**** Data provided
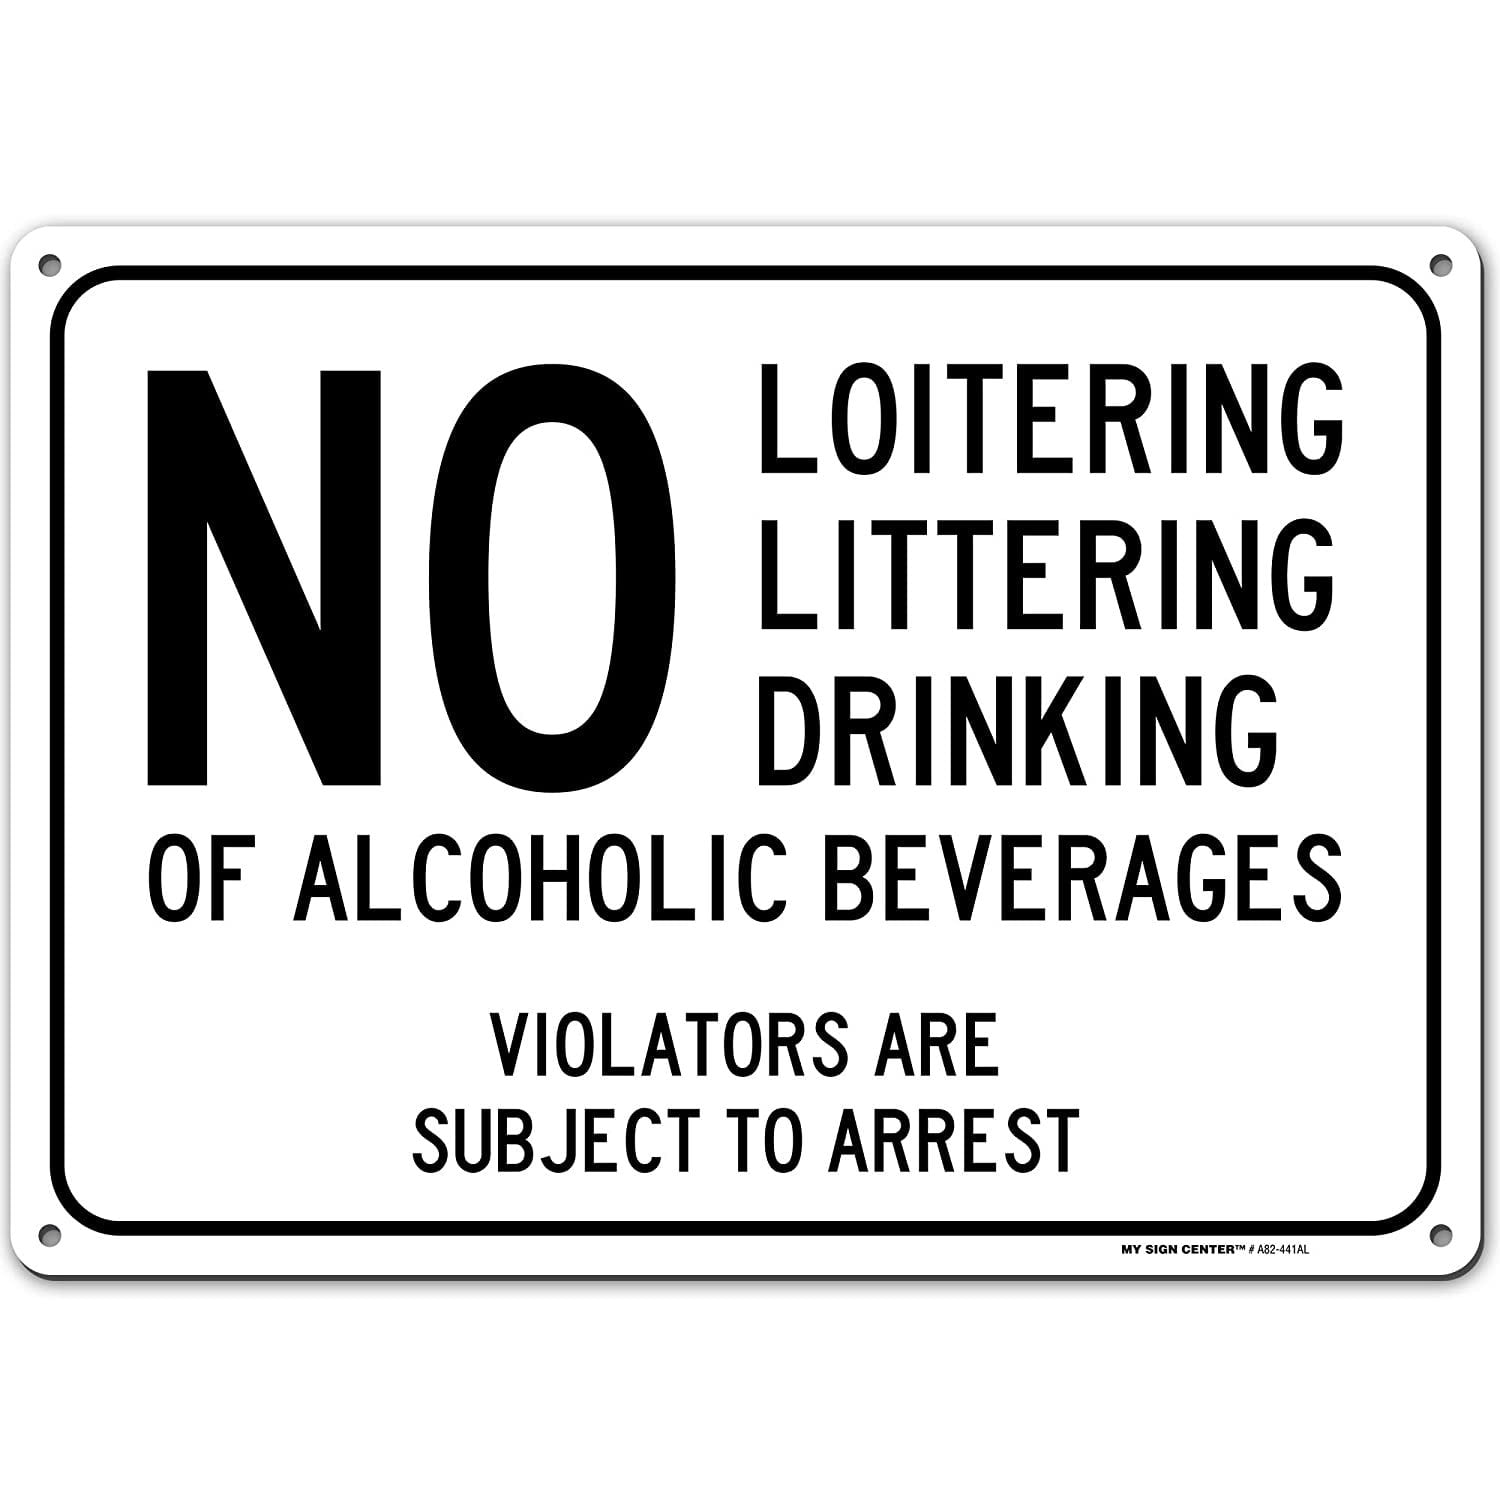 no-loitering-littering-drinking-of-alcoholic-beverages-violators-are-subject-to-arrest-sign-size
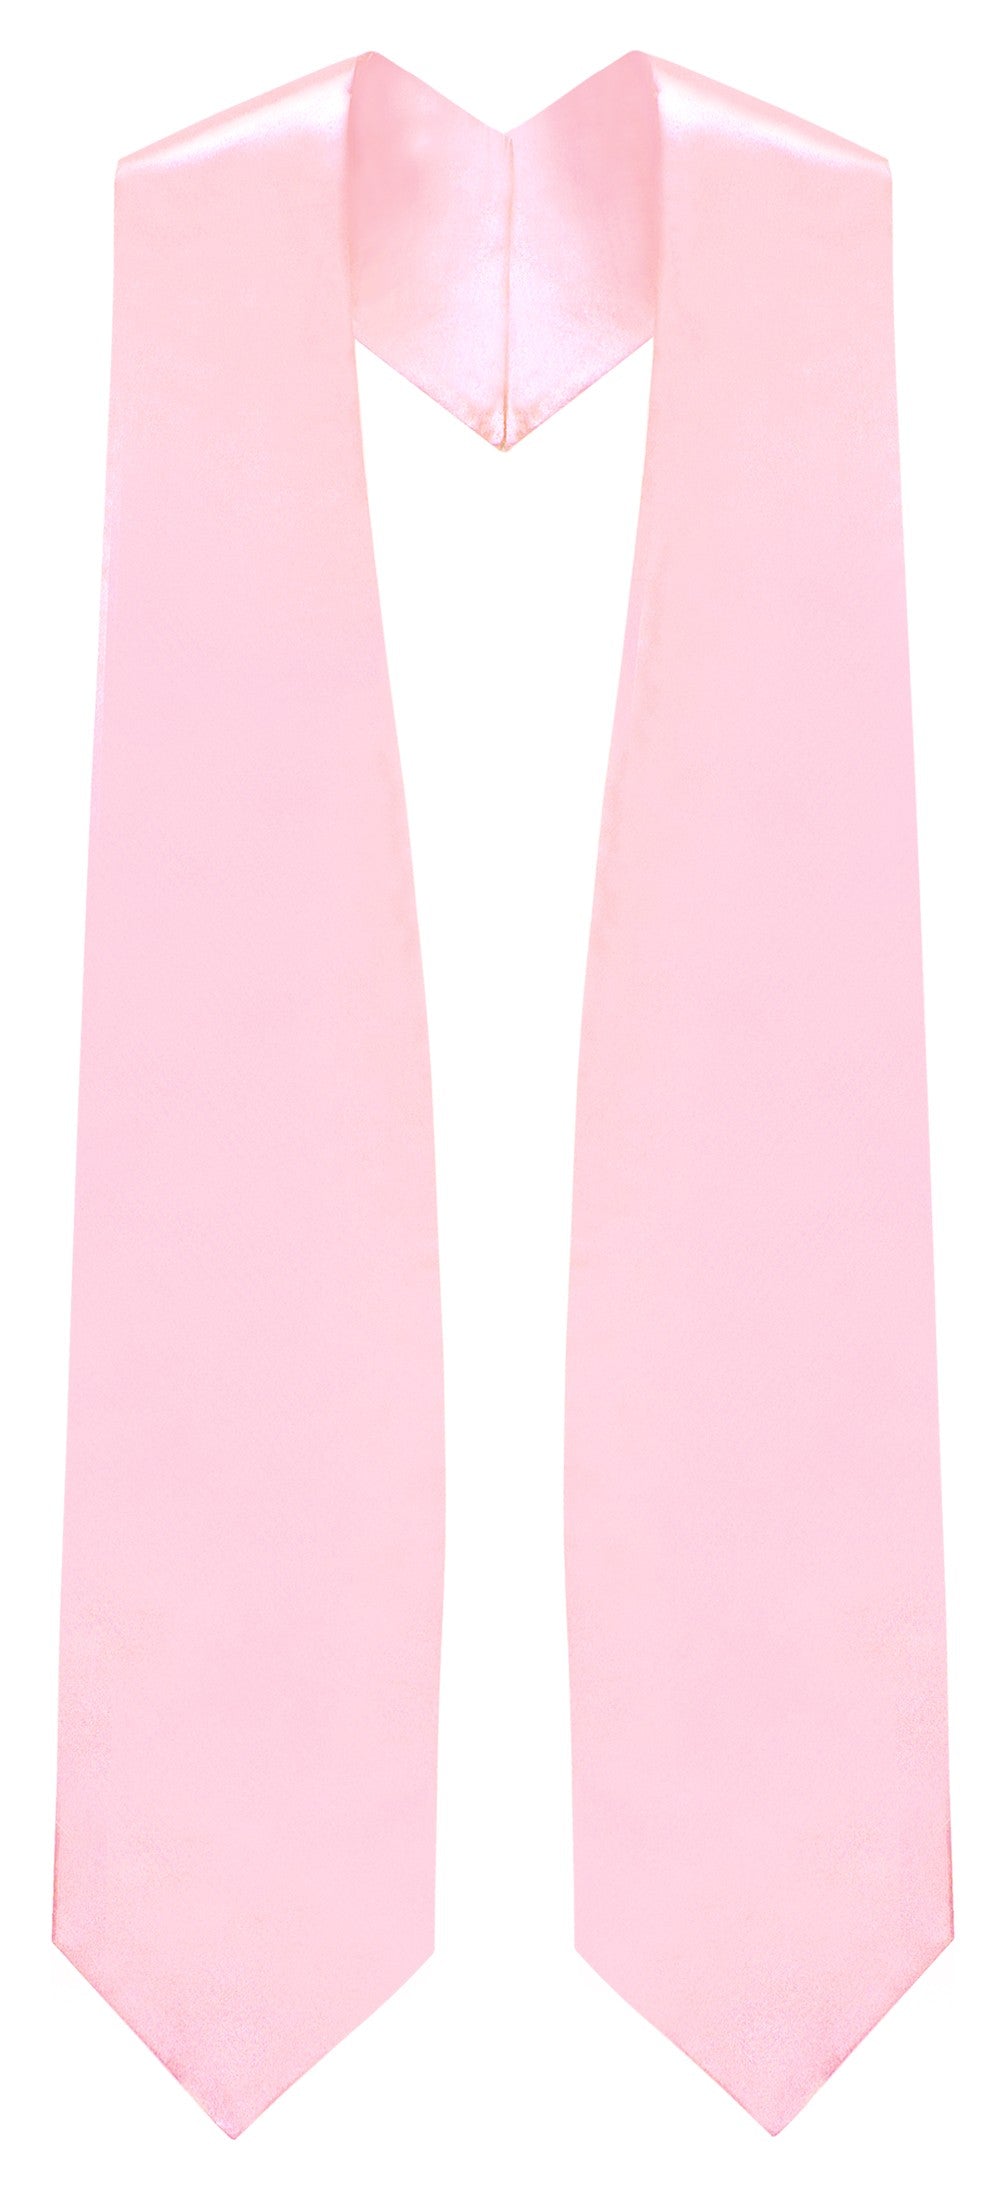 Pink Graduation Stole - Pink College & High School Stoles - Graduation Cap and Gown
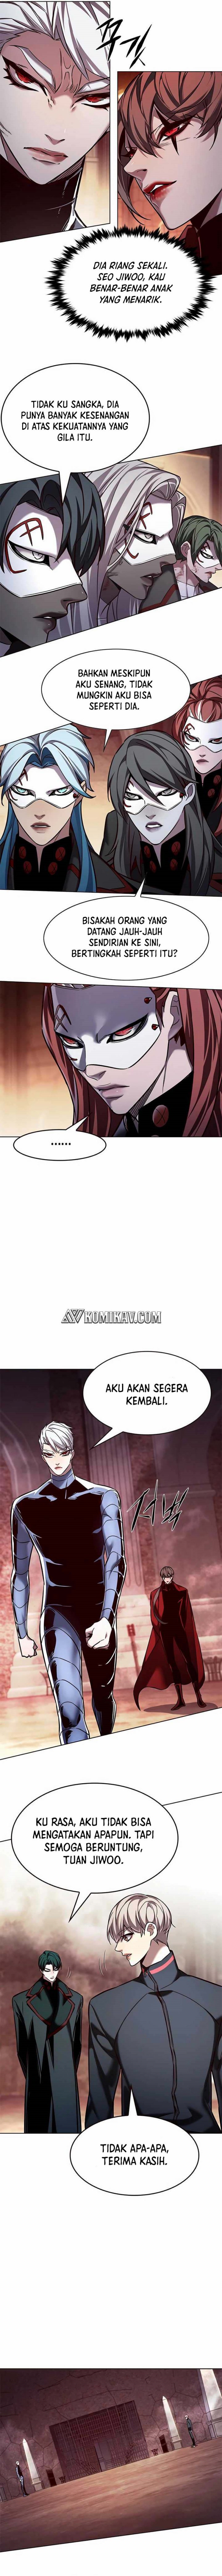 Eleceed Chapter 251
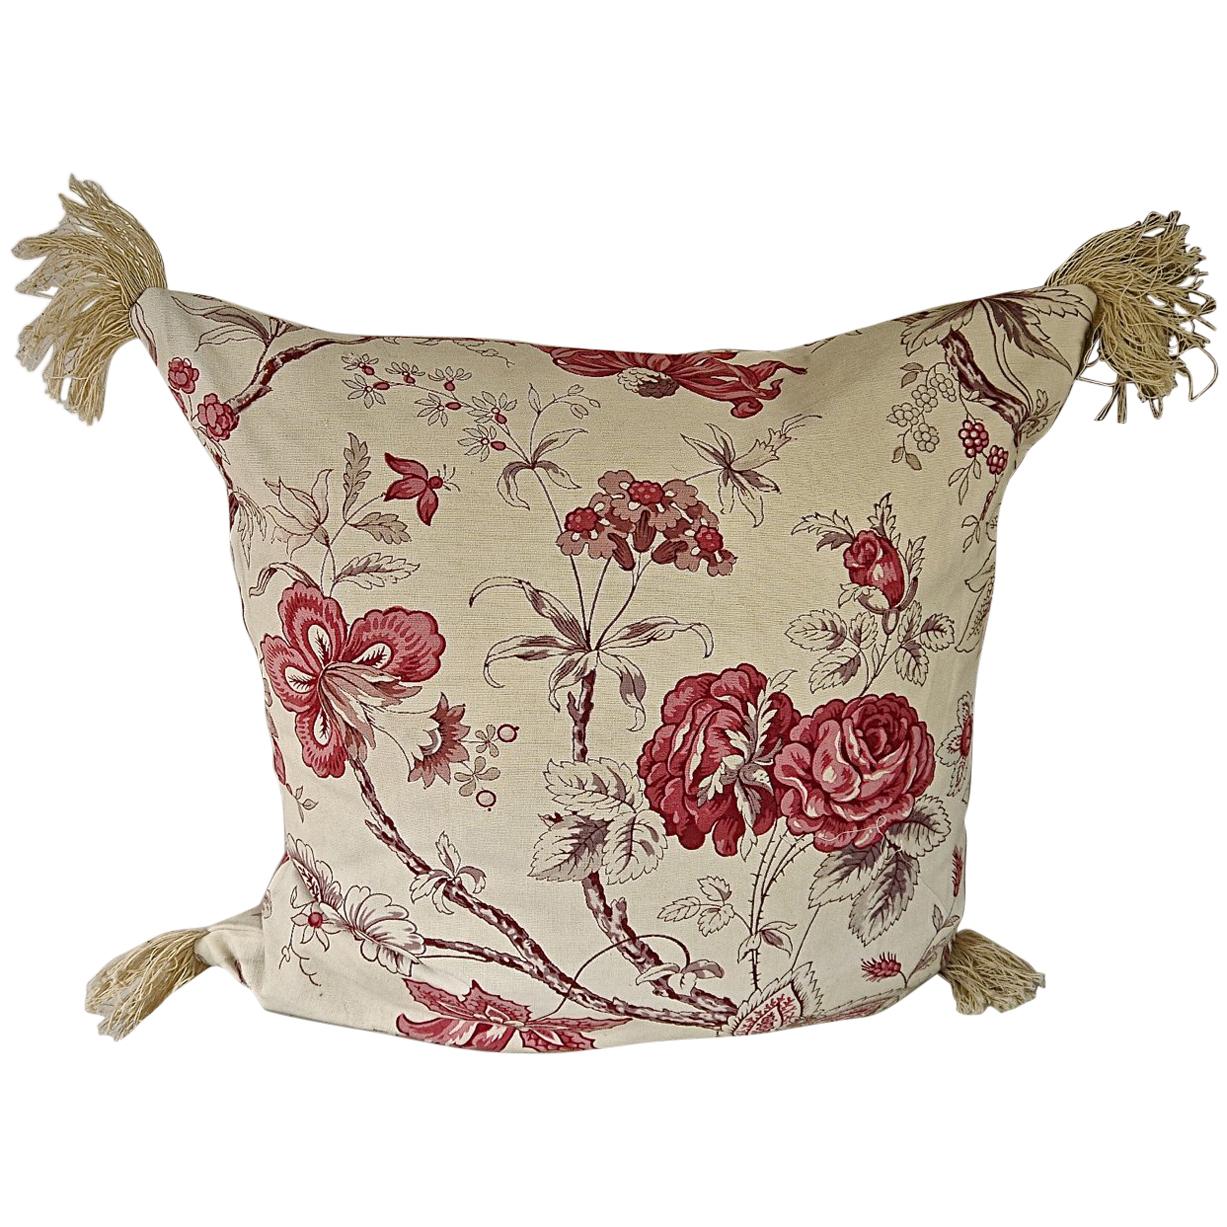 Pink Roses and Flowers Cotton Cushion, French, Early 20th Century
********
Transcribe the listing verbatim, pictures excluded.

 no-loitering-littering-drinking-of-alcoholic-beverages-violators-are-subject-to-arrest-sign-size
 Pink Graduation Stole - Pink College & High School Stoles - Graduation Cap and Gown
 Eleceed Chapter 251
 Pink Roses and Flowers Cotton Cushion, French, Early 20th Century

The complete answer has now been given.